具体的には、環境エネルギー事業での投資拡大、デジタル技術を活用した業務効率化、海外事業での現地化推進などを重点施策としています。これらの戦略は、社会課題の解決と企業成長を同時に実現する「CSV(Creating Shared Value)」の考え方に基づいています。
4 5


まとめ
オリックスのインターンシップは、同社の多角的な事業展開を体感できる質の高いプログラムとして、多くの就活生から注目を集めています。プログラム参加を通じて、金融サービスを軸としながら不動産、エネルギー、海外事業まで手がける独自のビジネスモデルを深く理解できることは、就活生にとって大きな価値となります。
選考においては、ES、WEBテスト、グループディスカッション、面接という段階的なプロセスで、論理的思考力、協働性、そしてオリックスへの志望度の高さが評価されます。特に重要なのは、同社の事業特性を正確に理解した上で、自身のキャリア志向との適合性を明確に示すことです。就活ハンドブックに寄せられた先輩たちの体験談からも、企業研究の深さと一次データに基づいた具体的な志望動機が合否を分ける重要な要素であることがわかります。

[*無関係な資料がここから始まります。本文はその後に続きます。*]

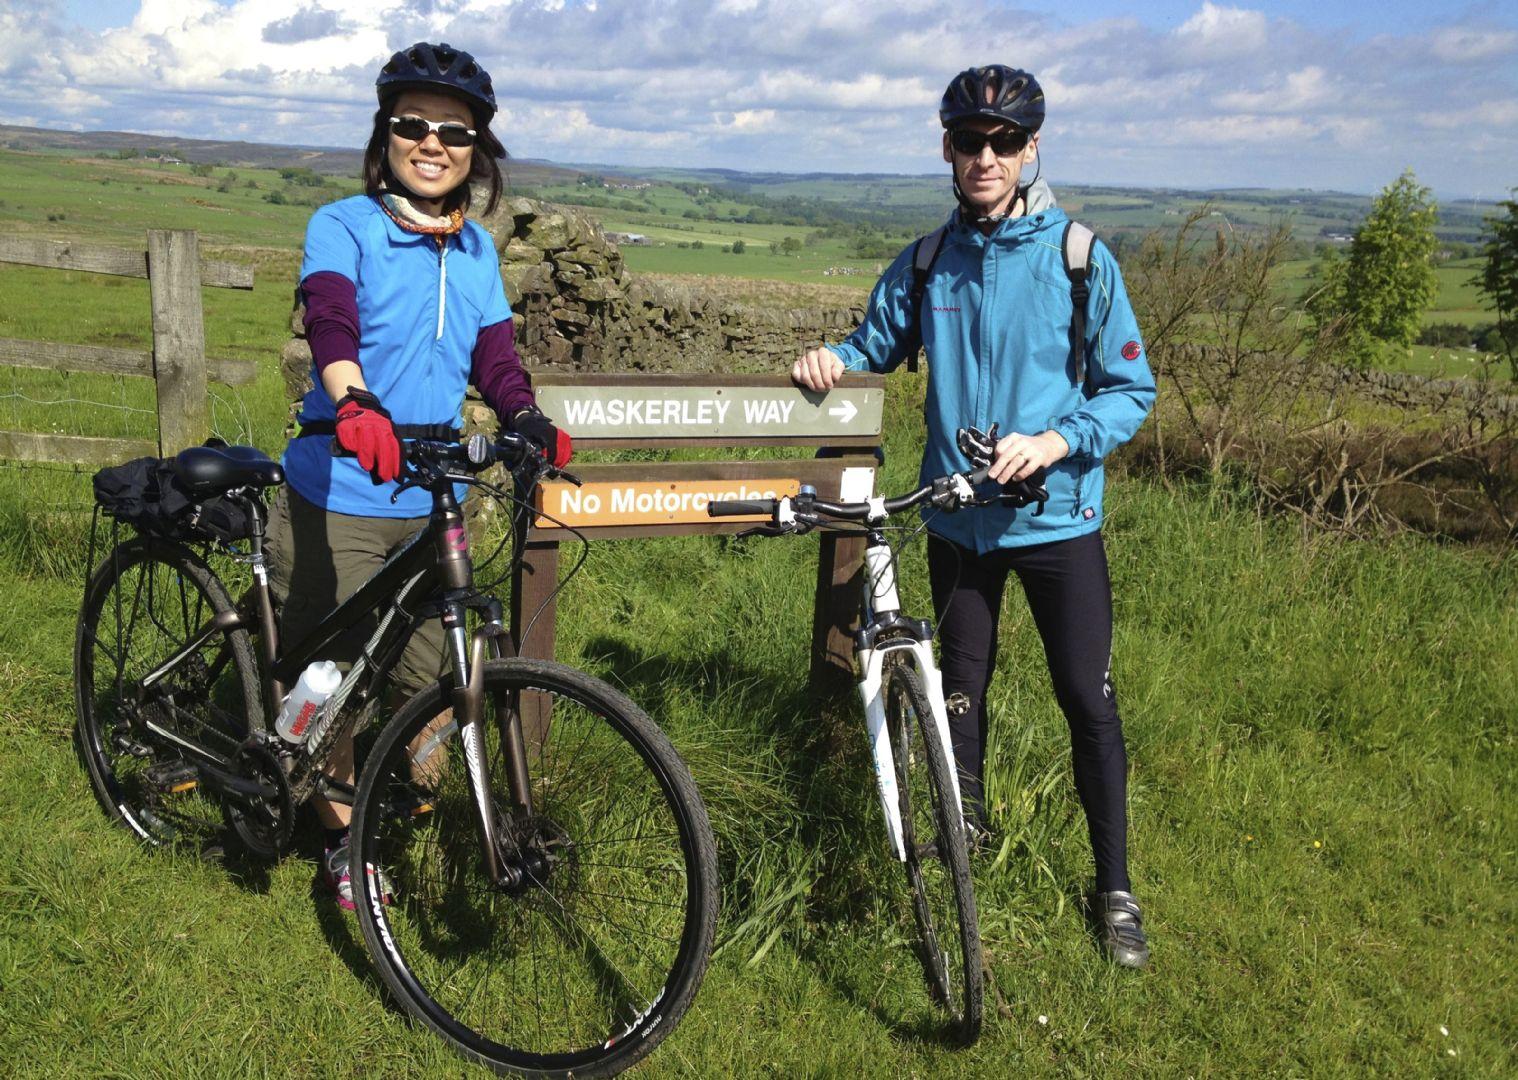 _Customer.103238.16258.jpg - UK - C2C - Coast to Coast 5 Days Cycling - Self-Guided Leisure Cycling Holiday - Leisure Cycling

内定直結性については、インターンシップ参加者全員が自動的に優遇されるわけではなく、プログラム期間中の評価に基づいた選抜が行われます。アドバンスドプログラムへの招待や早期選考の案内は、高い評価を獲得した学生に限定される仕組みとなっているため、参加が決まった後も最後まで気を抜くことはできません。
高い競争倍率の中で選考を突破するためには、早期からの戦略的な準備が不可欠です。オリックスの「Keep Mixed」という理念や多角的事業展開への理解を深めるとともに、自身の経験と価値観を同社のビジネスモデルと関連付けて表現できる準備を整えることが、成功への第一歩となるでしょう。